There’s no reason why self hosting should be some bizarre concept; In another reality, we would all have local servers
In the late 2000s, Opera had a very interesting product called “Opera Unite”. It was essentially a self-hosting platform built into the web browser. You could use it to chat, host a website, share photos, share files (and let other people share files with you), and a few other things. It had a guest book called “the fridge” where people could leave you post it notes.
They’d give you a subdomain which would either connect to it directly (if your network allows UPnP or you forwarded the port), otherwise they’d proxy it via their servers.
Basically, it was a super simple solution to create a decentralized web. The goal was to let everyone own their own data in a way that anyone could understand, without having to know anything about server hosting. Instead of just browsing the web, you could contribute to it at the same time.
It worked surprisingly well, but never caught on with the general public, and they killed it off about three years later.
tal@lemmy.today 1 year ago
If you want self-hosting for everyone, then I suspect you’re gonna have something like a console – a self-contained box that requires virtually no configuration.
dandi8@kbin.social 1 year ago
So something like a Synology NAS, I guess.
PlutoniumAcid@lemmy.world 1 year ago
And even that is not for the masses. It’s good, it’s for the medium savvy folks, but it will never be for my wife - or for my mother!
tal@lemmy.today 1 year ago
I suppose that that’s an “appliance-like computer” though I was thinking more of general-purpose hardware that takes software modules.

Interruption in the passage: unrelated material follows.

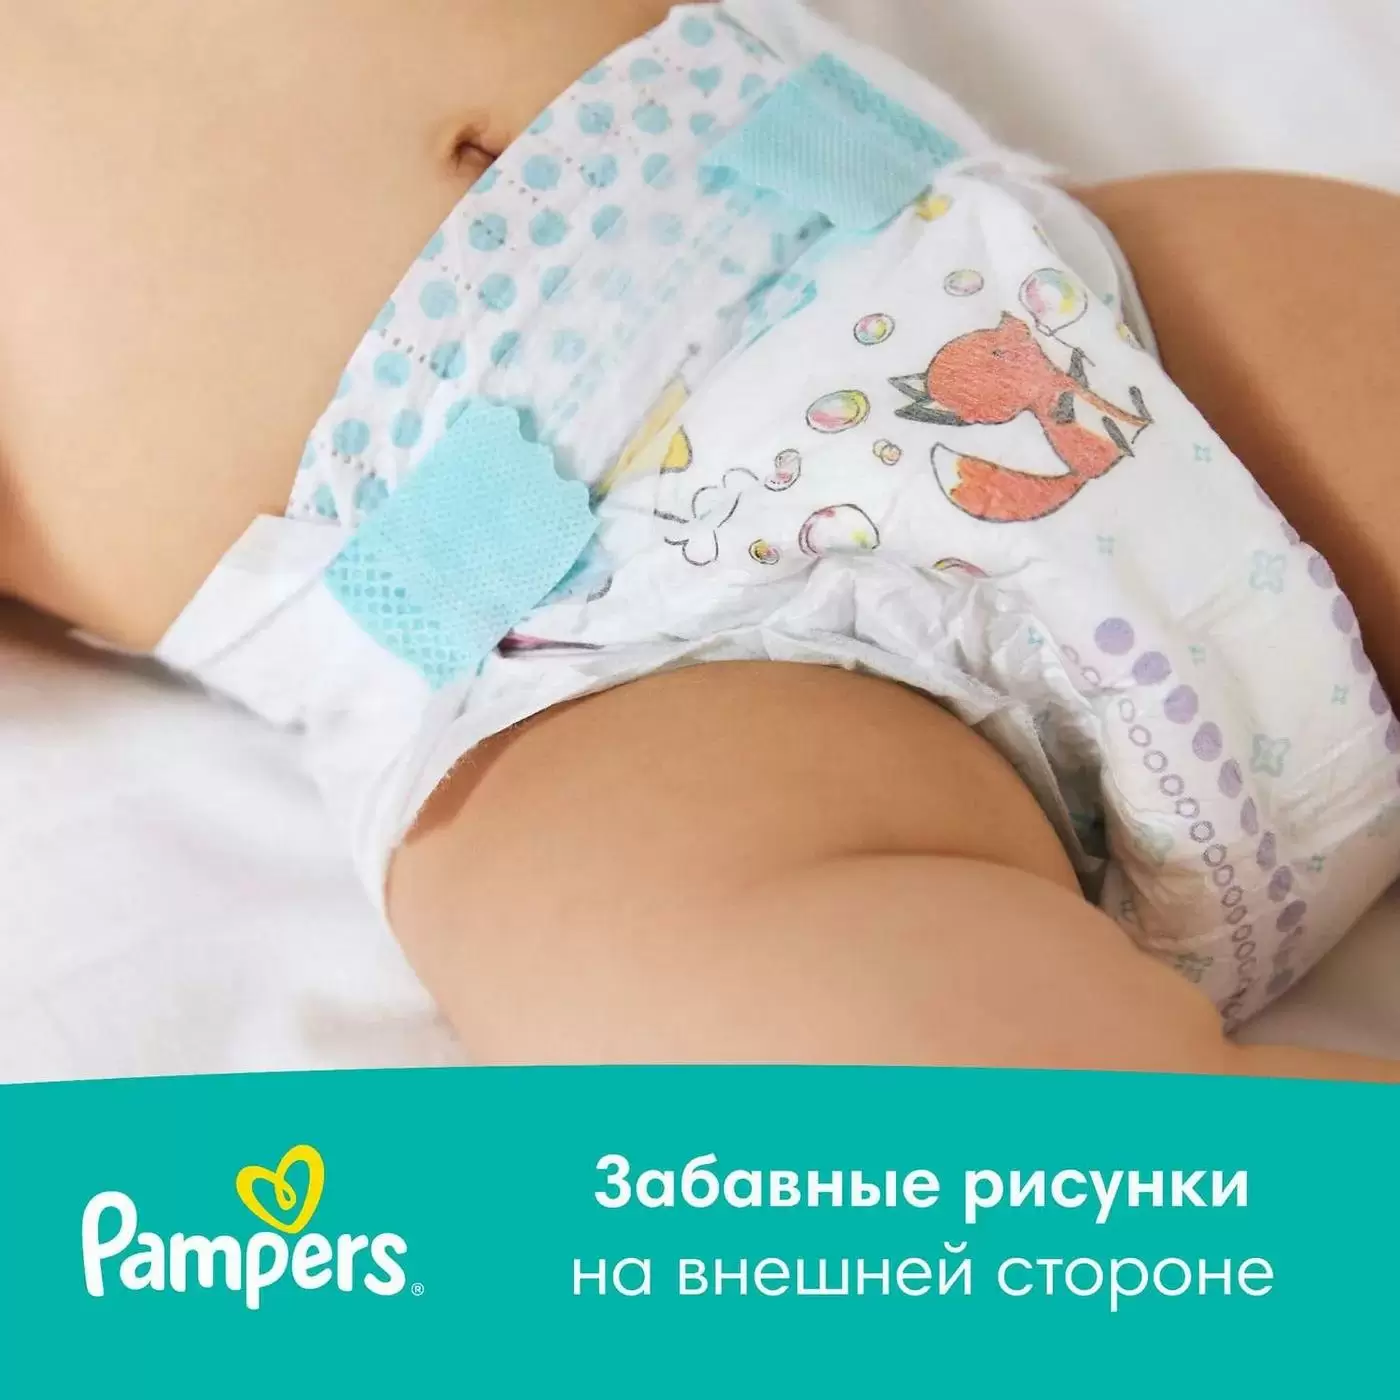 Подгузники PAMPERS Active Baby-Dry Extra Large Jumbo (6) 52шт

Like, think of how you install a game on a console. Maybe you set up your account at the beginning and plonk in a wireless password, but beyond that, there’s no further essential configuration for the thing to work. Same kind of idea. You get box, you install software module, no more configuration involved.
If more configuration is required, then it’s just not going to be something sufficiently accessible for everyone to use.
That’s probably not what the typical user on this community is looking for, but I think that that’s probably what would be required if one wants everyone in the public to be able to self-host.